- Mouza Adlana
- Adlana
- Coordinates: 31°17′N 72°30′E﻿ / ﻿31.29°N 72.50°E
- Country: Pakistan
- Province: Punjab

Government
- • Chairman: Mahar Dilawar Khan Jappa

Population (2023)
- • Total: 10,000
- • Density: 45/km^{2} (120/sq mi)
- Time zone: UTC+5 (PST)
- Postal Code: 35360
- Calling code: 047
- Number of towns: Mahmand Abad, Malkoka, Haji Abad, Abbas Pur, Chakki Wala, Mahal Wasawa, Lund, Malkuka Khu, Vehra
- Number of Union Councils: 26

= Adlana =

Mouza Adlana is a town in Bhawana Tehsil of Chiniot District, Punjab, Pakistan. It is situated approximately 29 km from Chiniot city and about 16 km from Bhawana.
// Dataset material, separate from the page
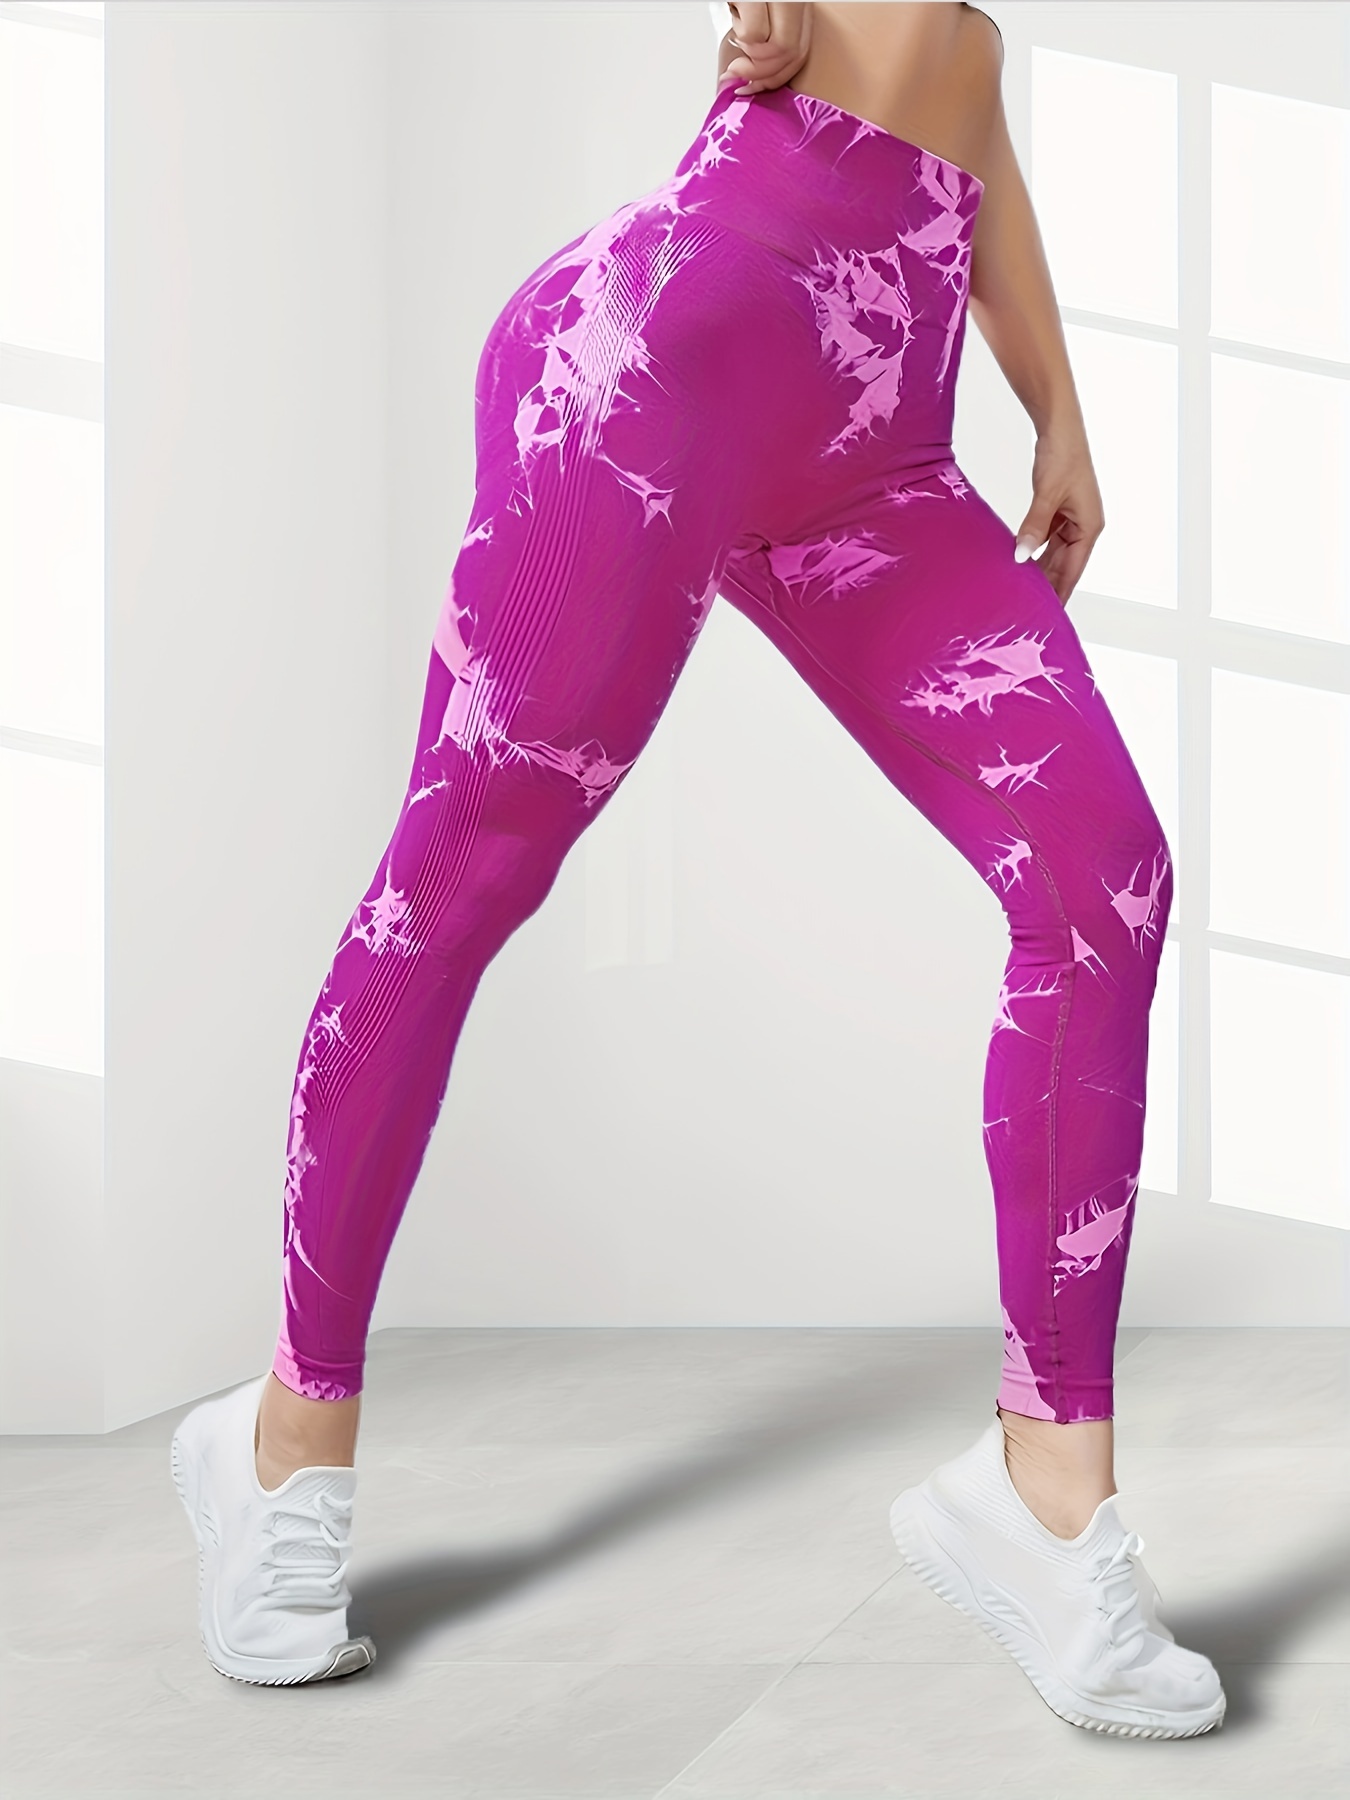 Tie Dye High Stretch Yoga Workout Pants, Fitness Running Sports Leggings, Women's  Activewear, Shop The Latest Trends

Adlana's population consists substantially of the Jappa Rajput tribe; other groups include the Kumhar, Nai, Tarkhan, Muslim Shaikh, Lohar, Machi, and Miraci.

== Facilities ==
Adlana has one girls primary school, one boys high school and a basic health unit hospital. There are multiple shops related to domestic products buying. One cemetery near the Adlana village has graves approx 100 years old.